Graph Databases: They Who Forget the Past...

Sets vs. Graphs

What Is a Data Model, and What It Is Not

What Is a Data Model

Data Model Neither Business, Nor Logical, Nor Physical Model




Sunday, August 25, 2019

Meaning Criteria and Entity Supertype-Subtypes Relationships


Note: This is a re-write of a previous post.
"I have a database for a school ... [with] numerous tables obviously, but consider these:
CONTACT - all contacts (students, faculty): has fields such as LAST, FIRST, ADDR, CITY, STATE, ZIP, EMAIL;
FACULTY - hire info, login/password, foreign key to CONTACT;
STUDENT - medical comments, current grade, foreign key to CONTACT."
"Do you think it is a good idea to have a single table hold such info?
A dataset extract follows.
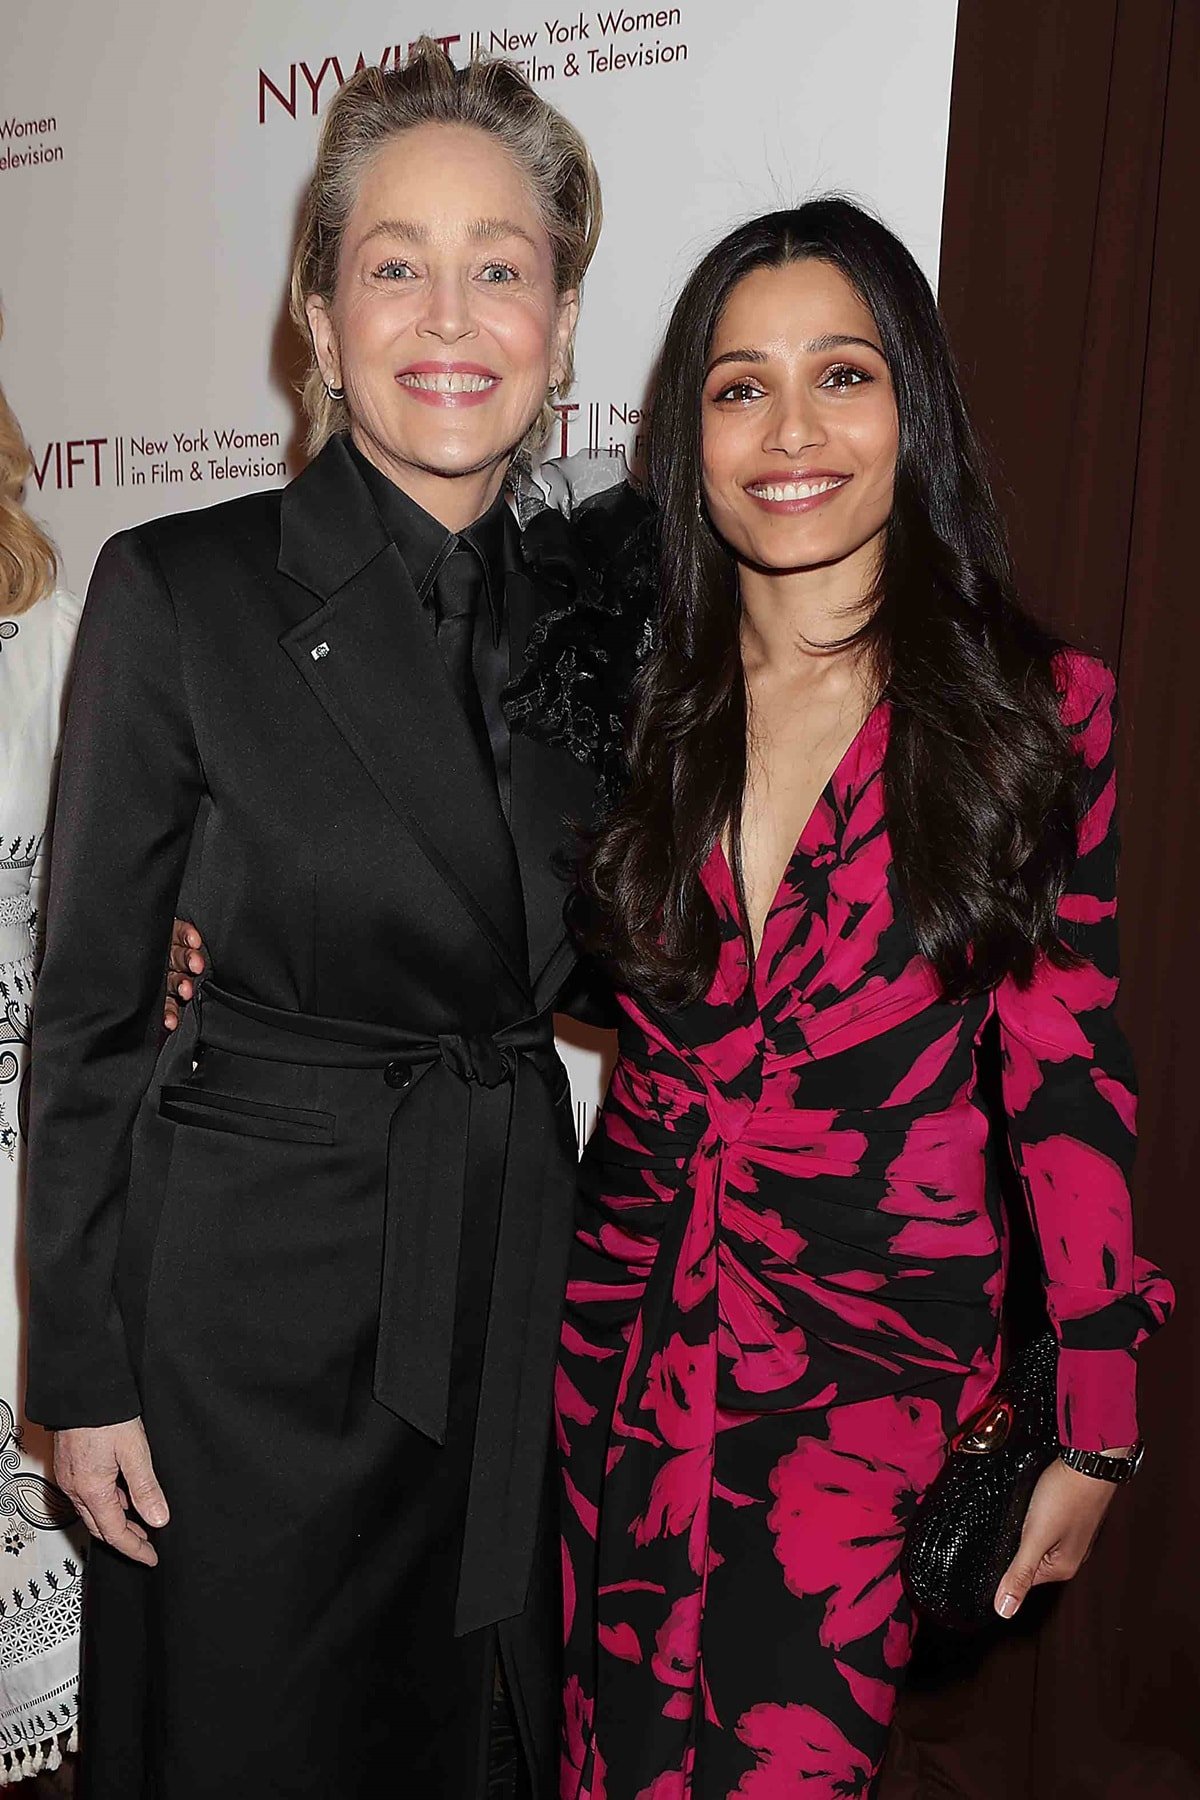 At the New York Women In Film And Television's 43rd Annual Muse Awards on March 28, 2023, in New York City, the 5ft 8 (172.7 cm) tall Sharon Stone stood notably taller than Freida Pinto, who measures 5ft 5 (165.1 cm)
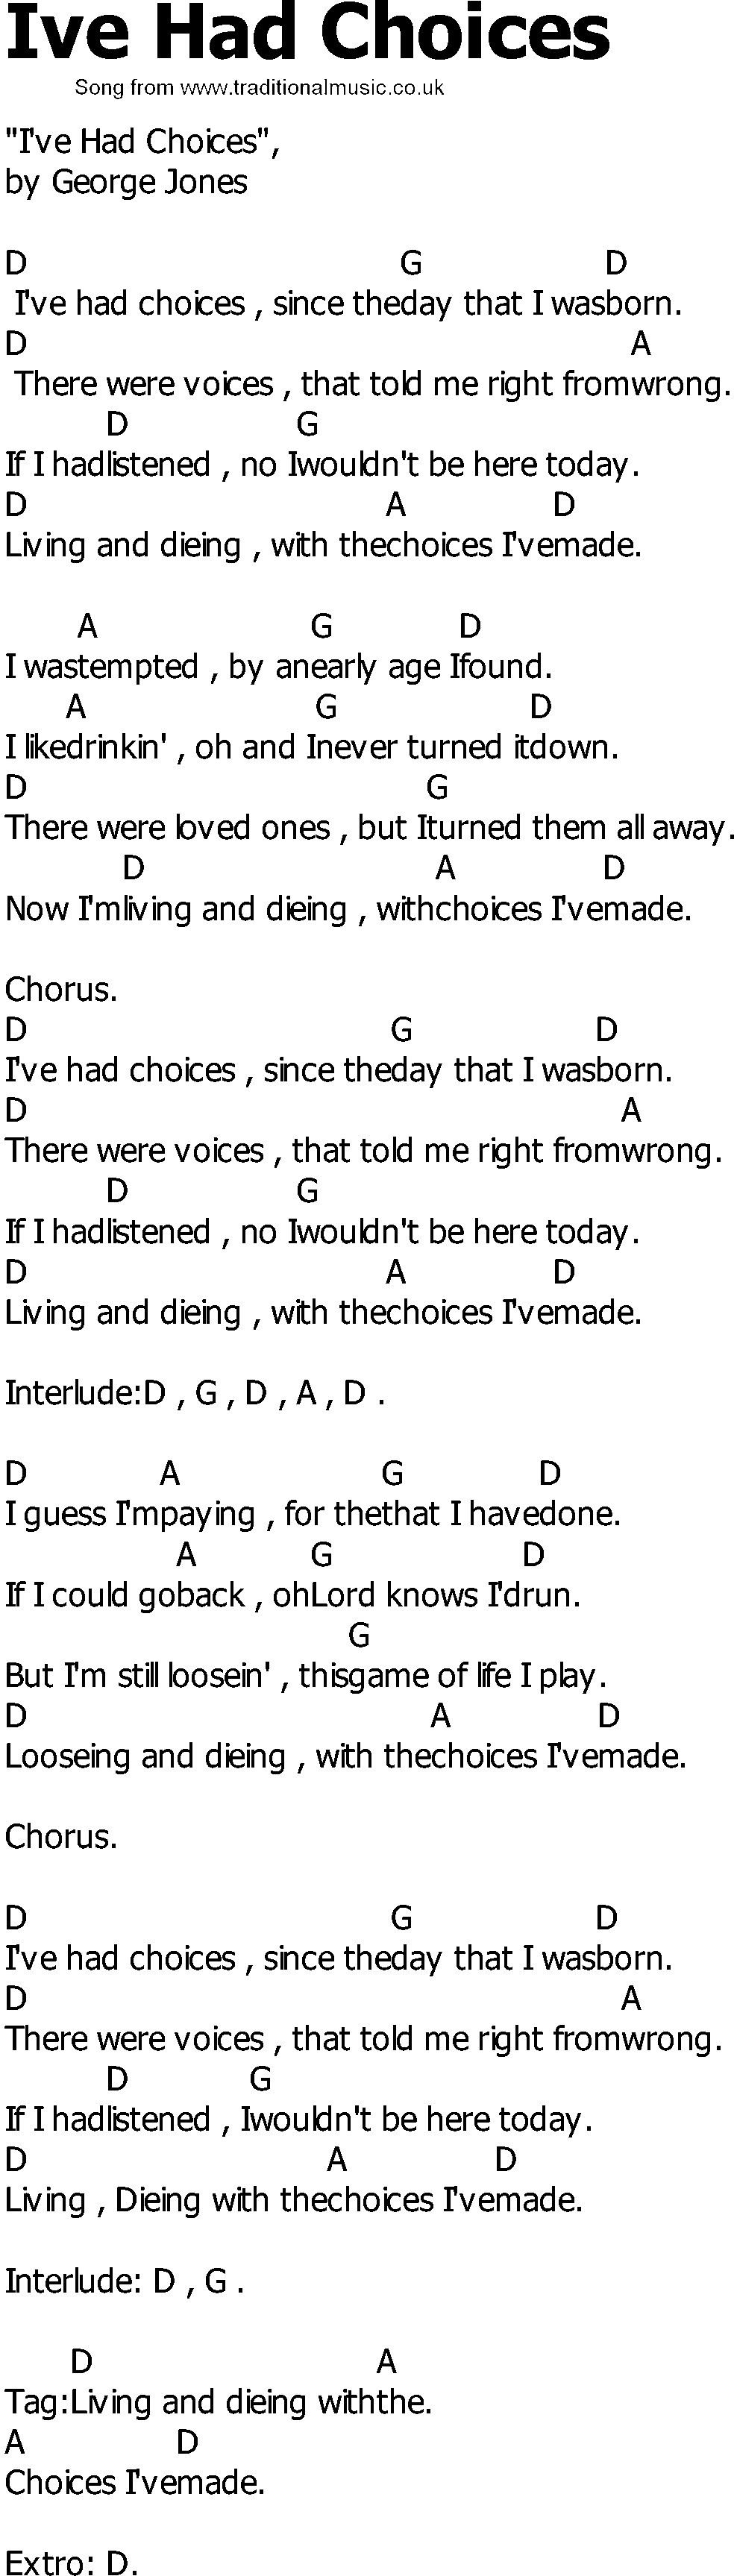 Old Country song lyrics with chords Ive Had Choices

Or, would you have had the tables FACULTY and STUDENT store LAST, FIRST, ADDR and other fields? At what point do you denormalize for the sake of being more practical? What would you do when you want to close out one year and start a new year? If you had stand-alone student and faculty tables then you could archive them easily, have a school semester and year attached to them. However, as you go from one year to the next information about a student or faculty may change. Like their address and phone for example. The database model now is not very good because it doesn’t maintain a history. If Student A was in school last year as well but lived somewhere else would you have 2 contact rows? 2 student rows?  Or do you have just one of each and have a change log. Which is best?"
How would somebody who "does not know past, or new requirements, modeling, and database design" and messes with a working database just because "he heard something about (insert your favorite fad here)" figure out correct from bad answers? Particularly if the answers suffer from the same lack of foundation knowledge as the question?